*Try it*
Leave out the pictures and set down the rest of the listing below word for word.

*Supplied data*
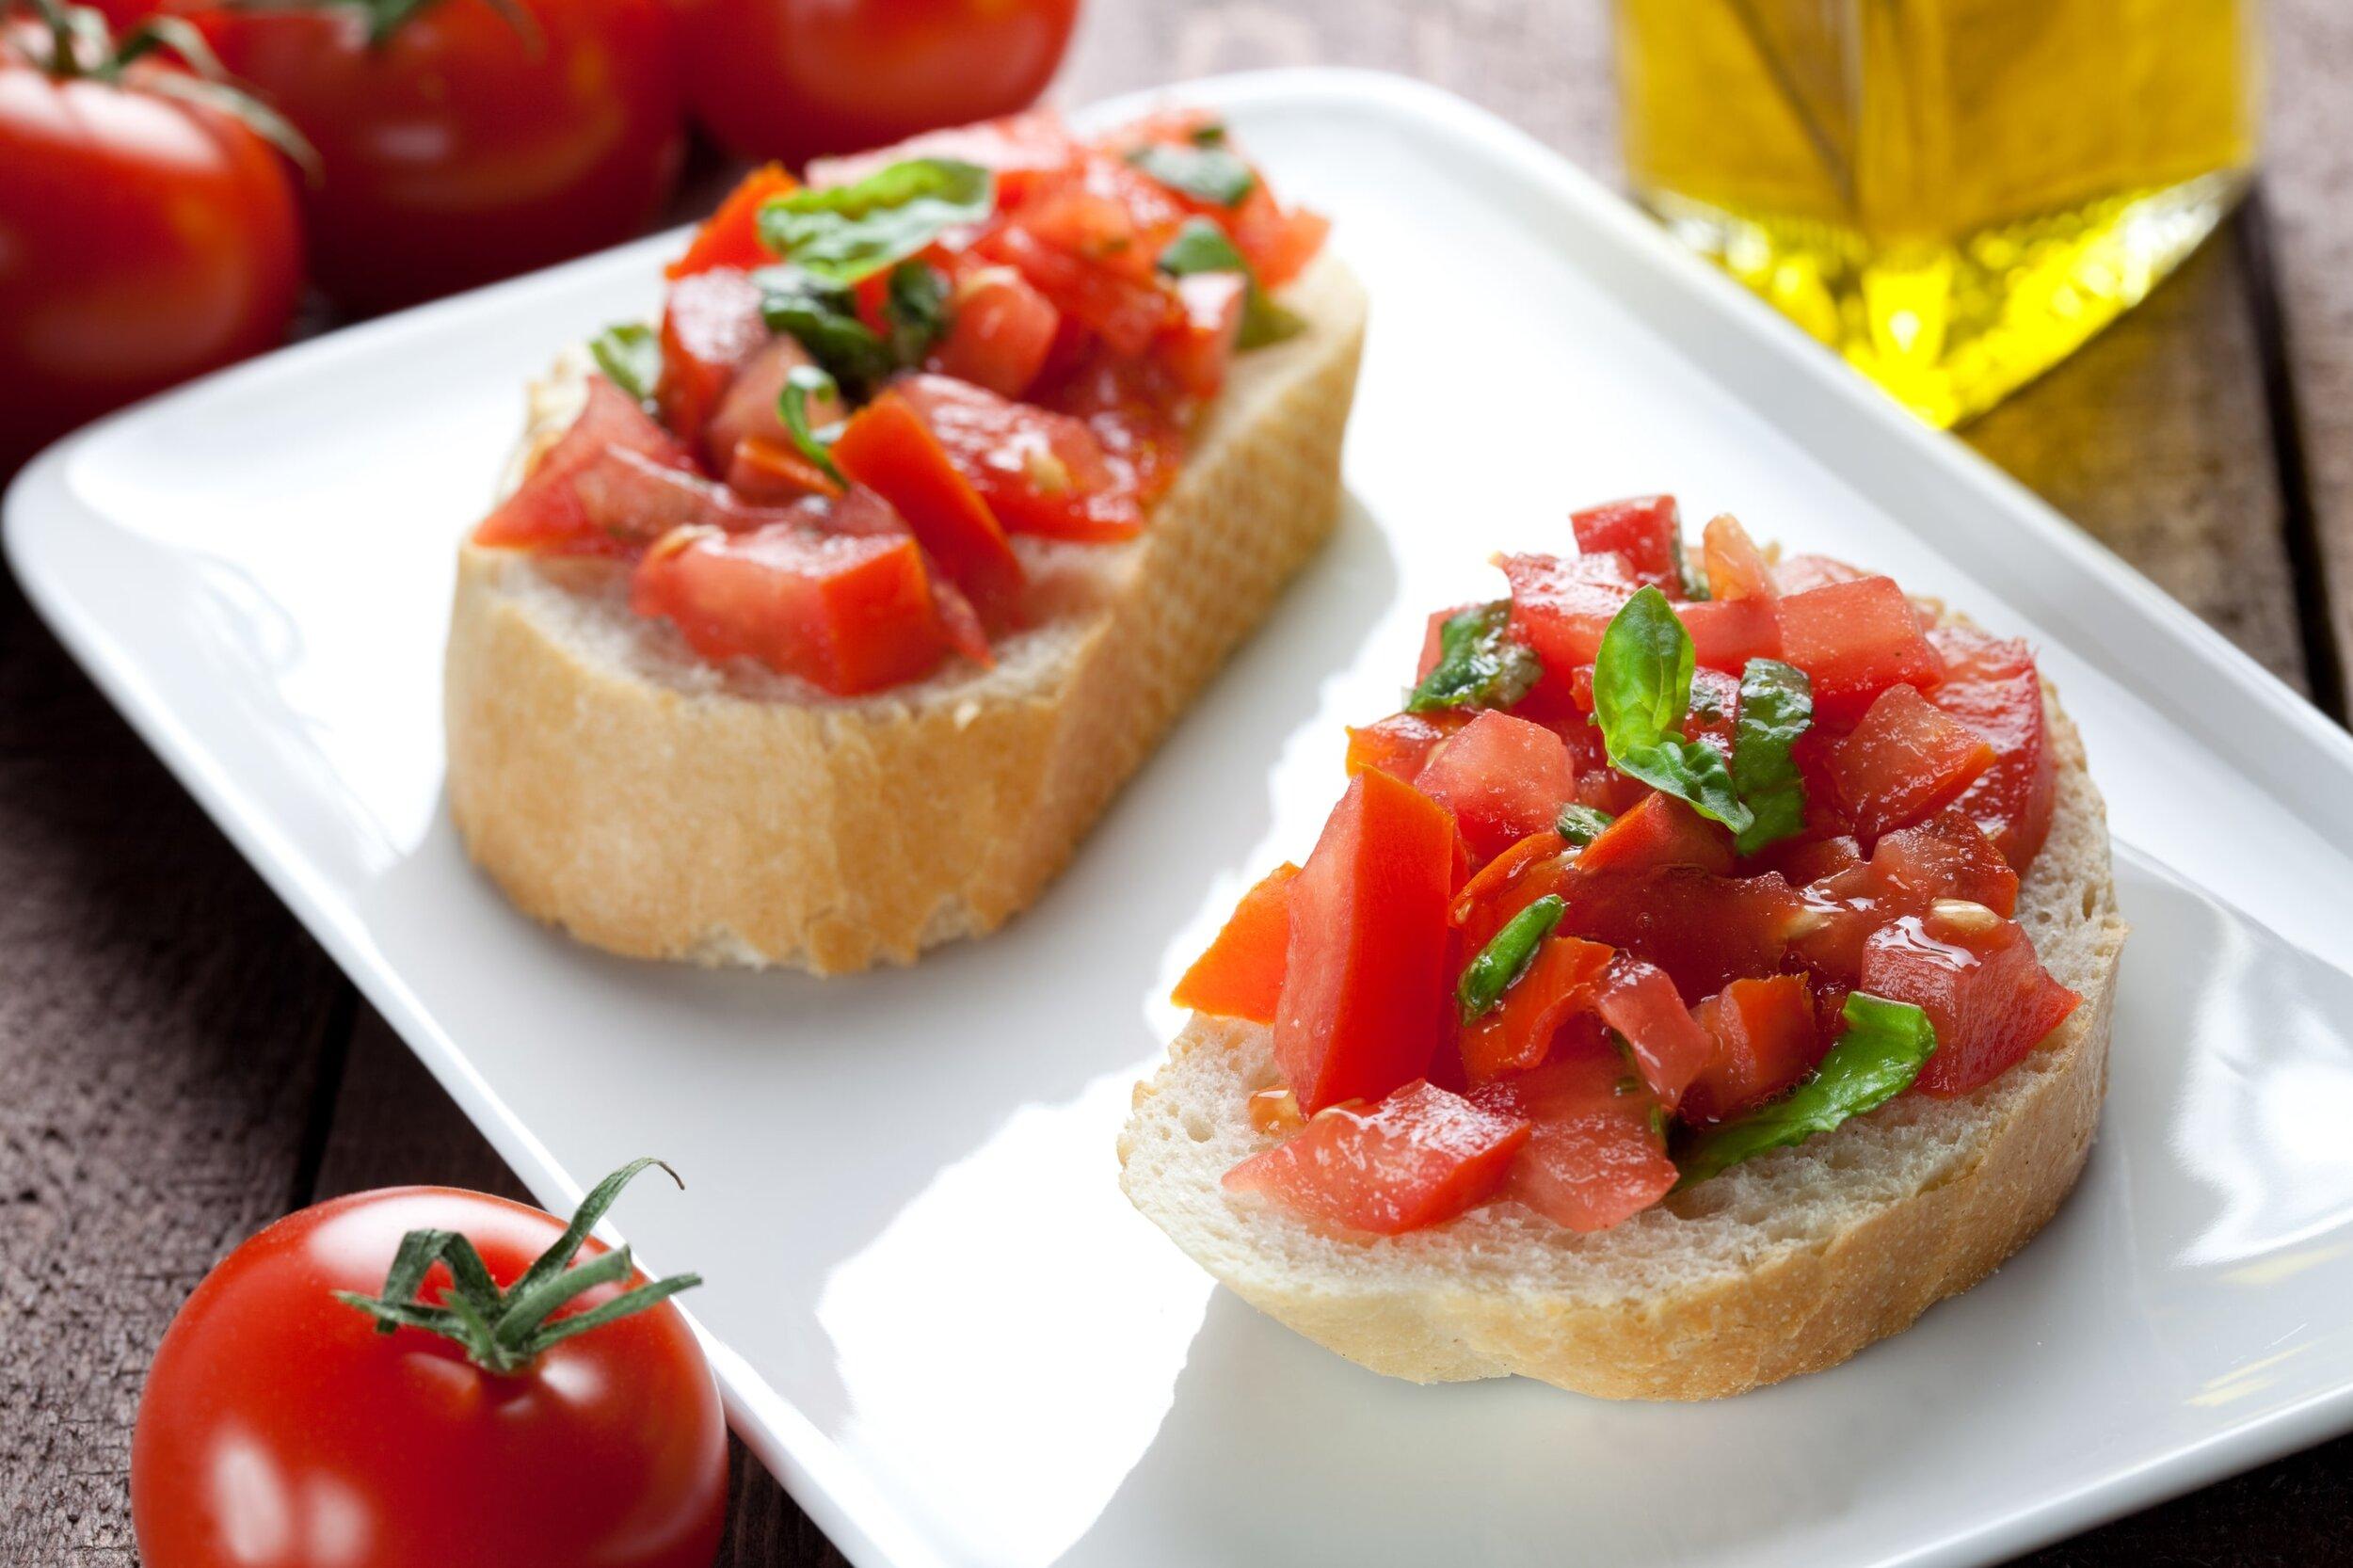 Italian vegan appetizer, Bruschetta con Pomodoro:
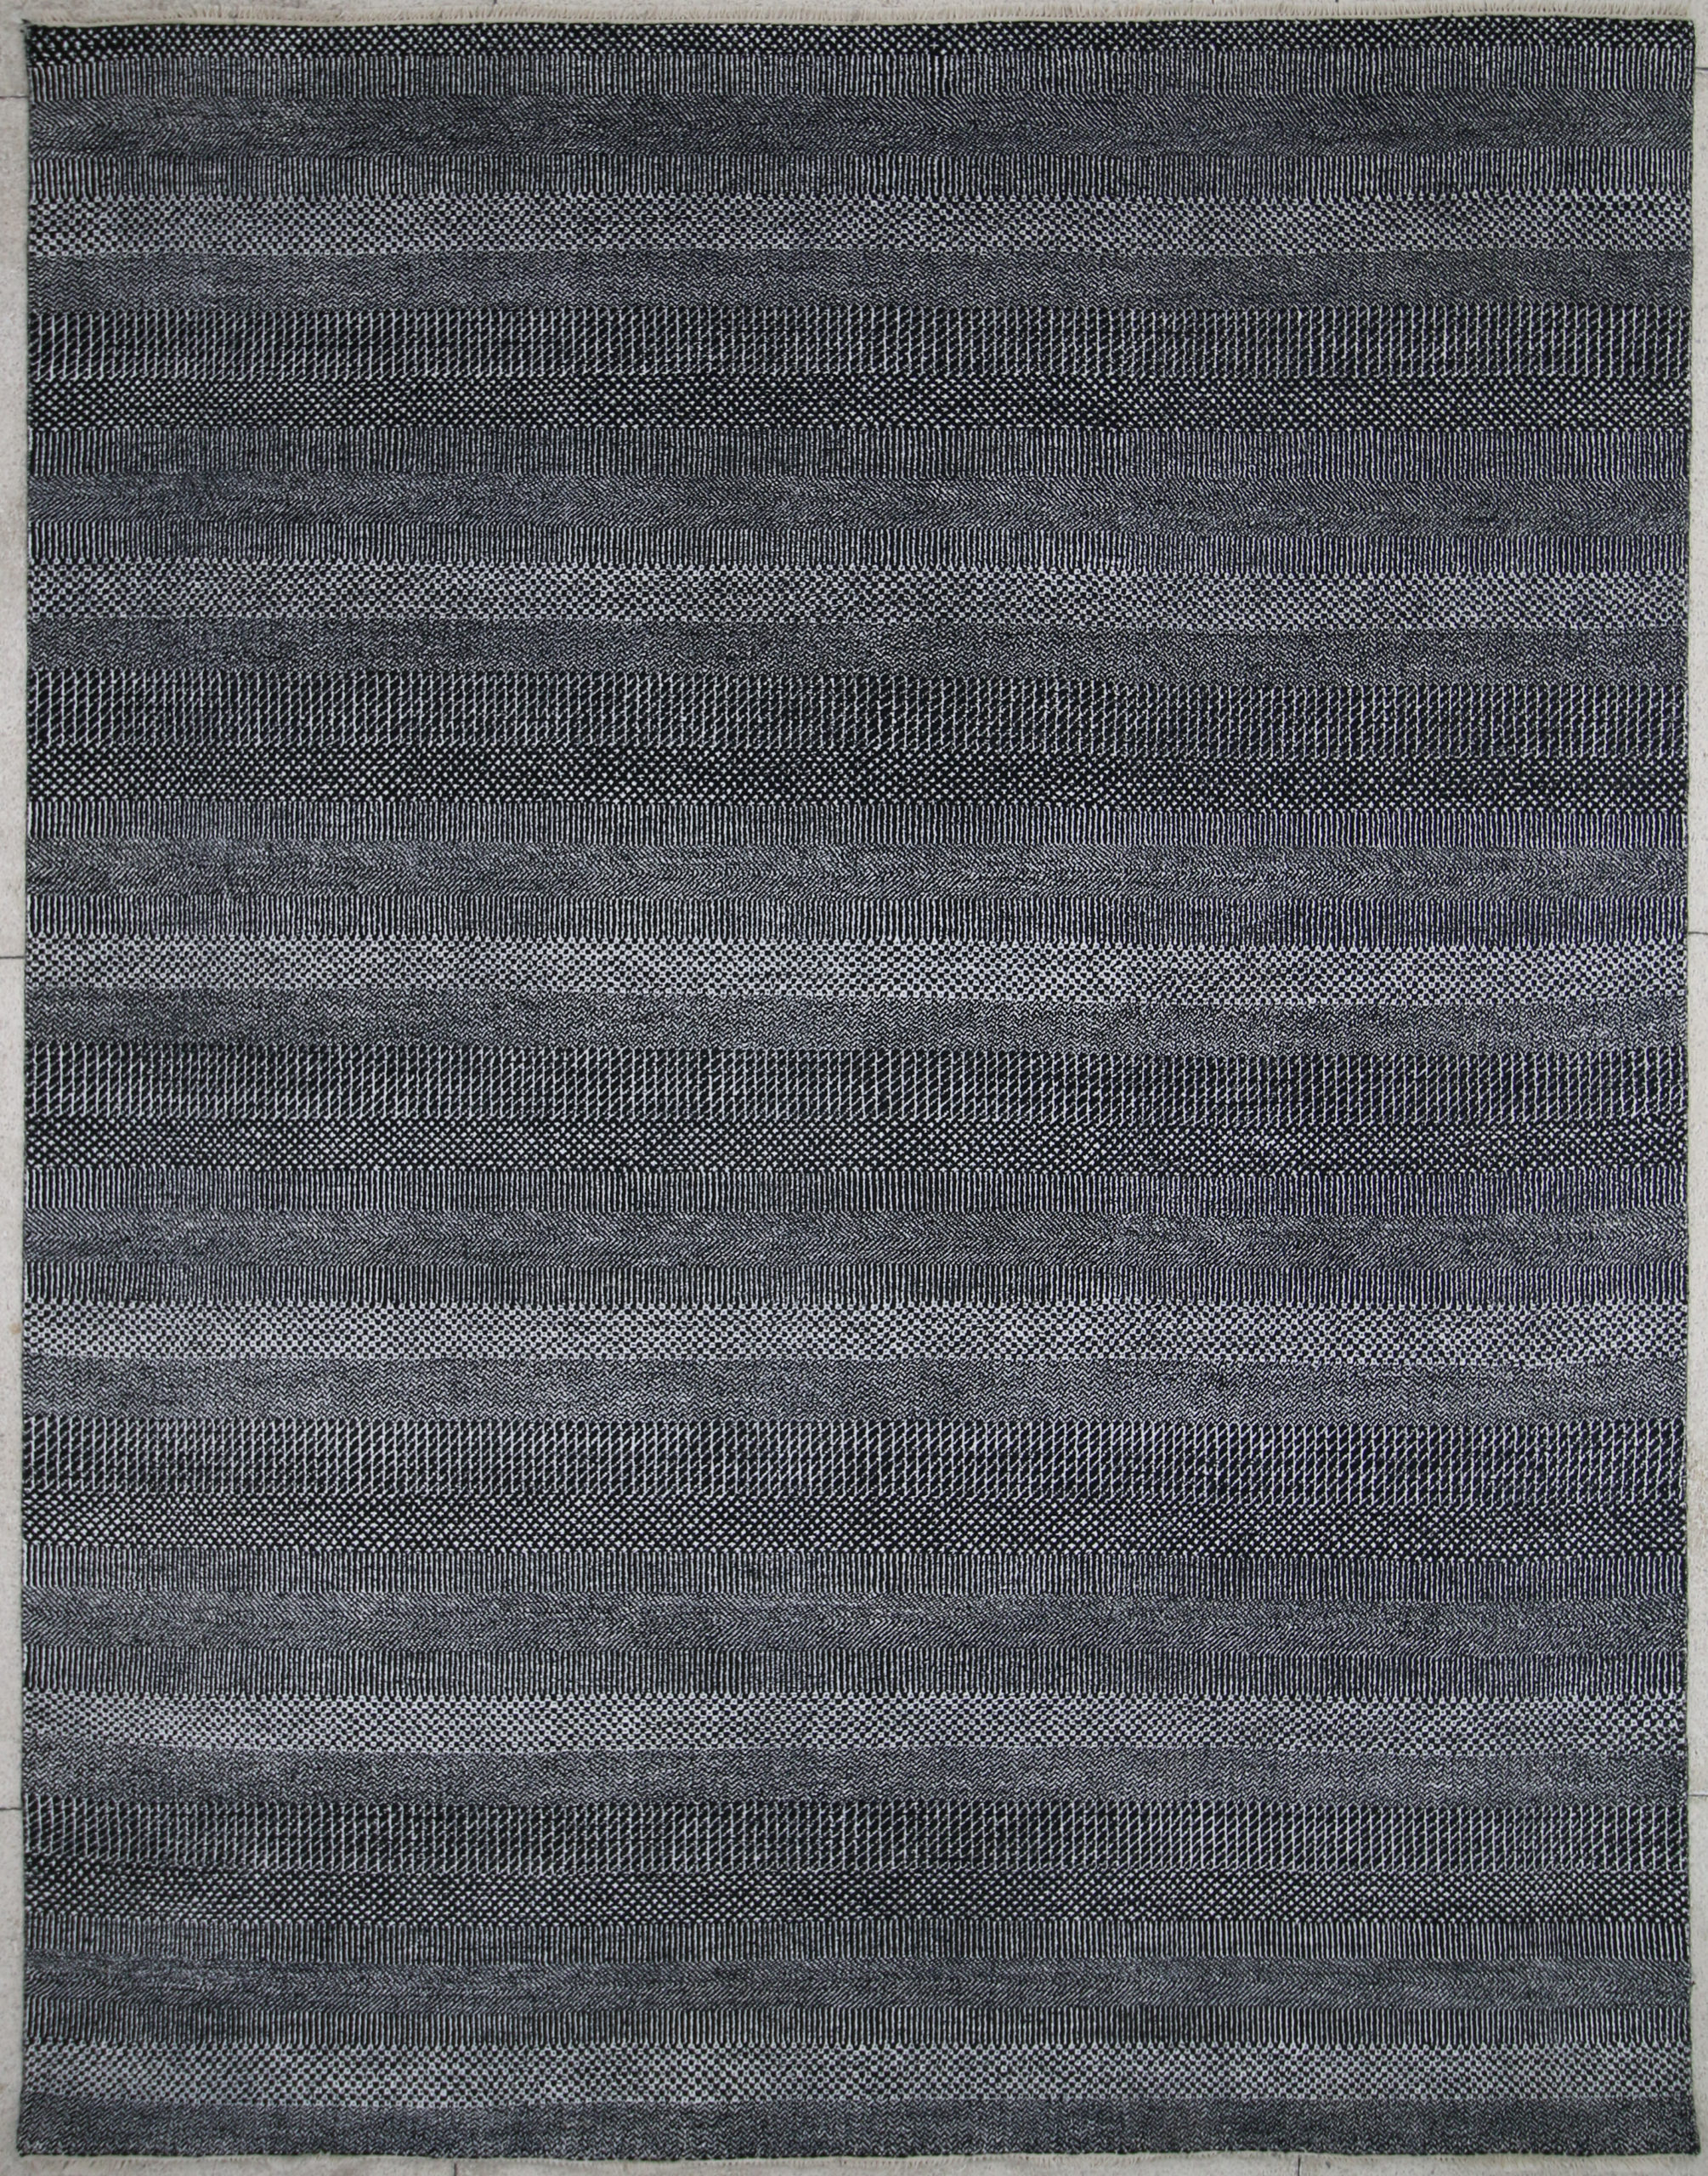 GRASS-101 Black (1)
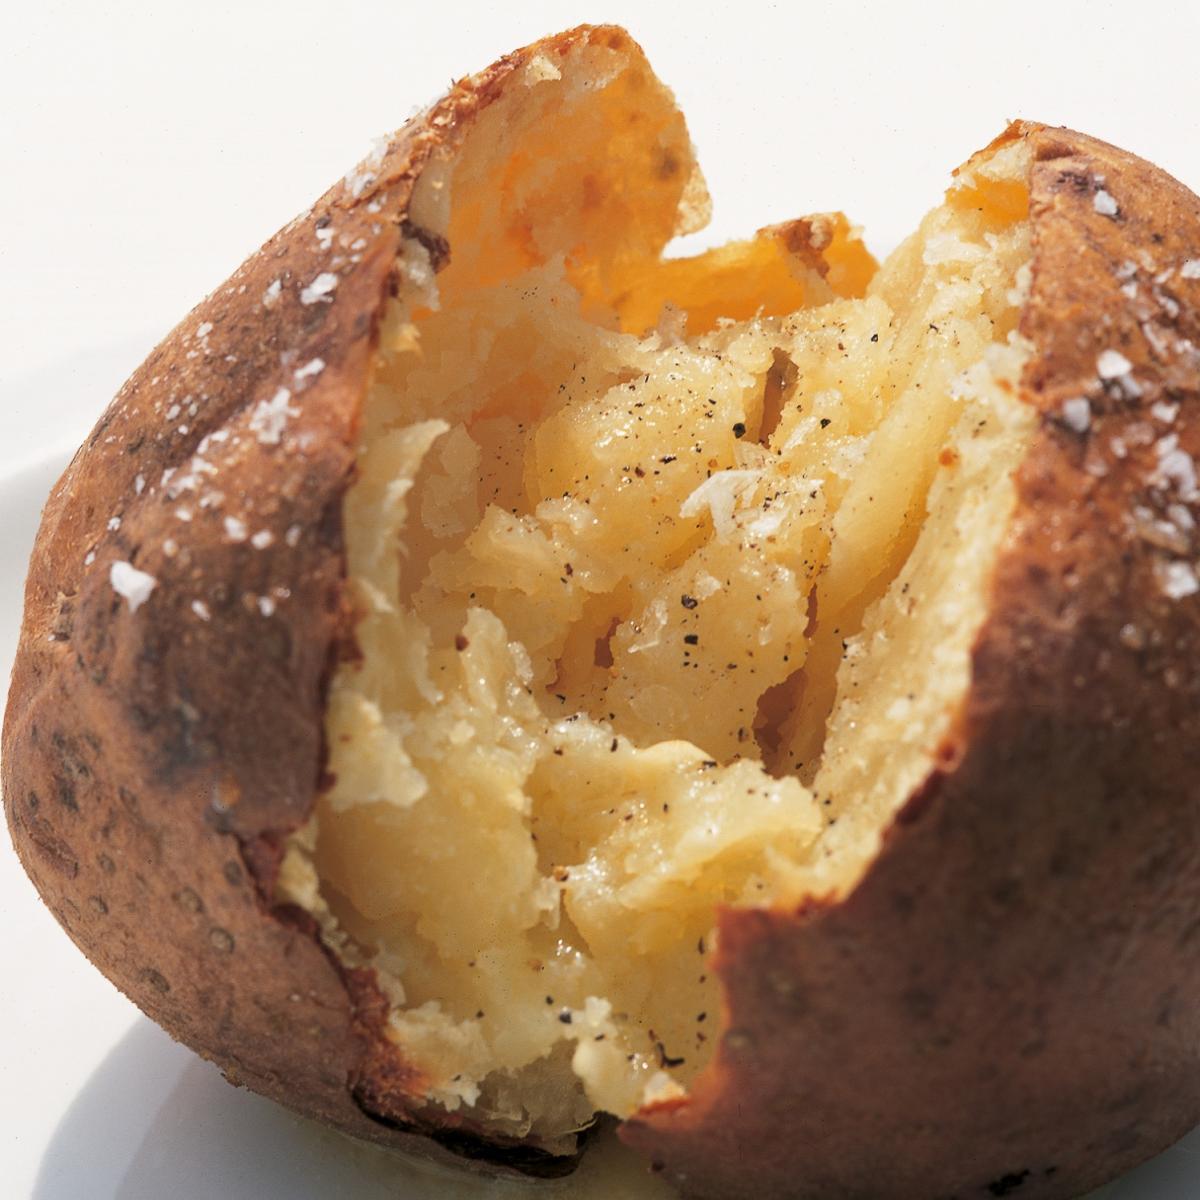 Jacket potatoes recipes delia online a picture of delias souffled jacket potatoes recipe ccuart Choice Image

*Response for this exercise*
 Italian vegan appetizer, Bruschetta con Pomodoro:
 GRASS-101 Black (1)
 Jacket potatoes recipes delia online a picture of delias souffled jacket potatoes recipe ccuart Choice Image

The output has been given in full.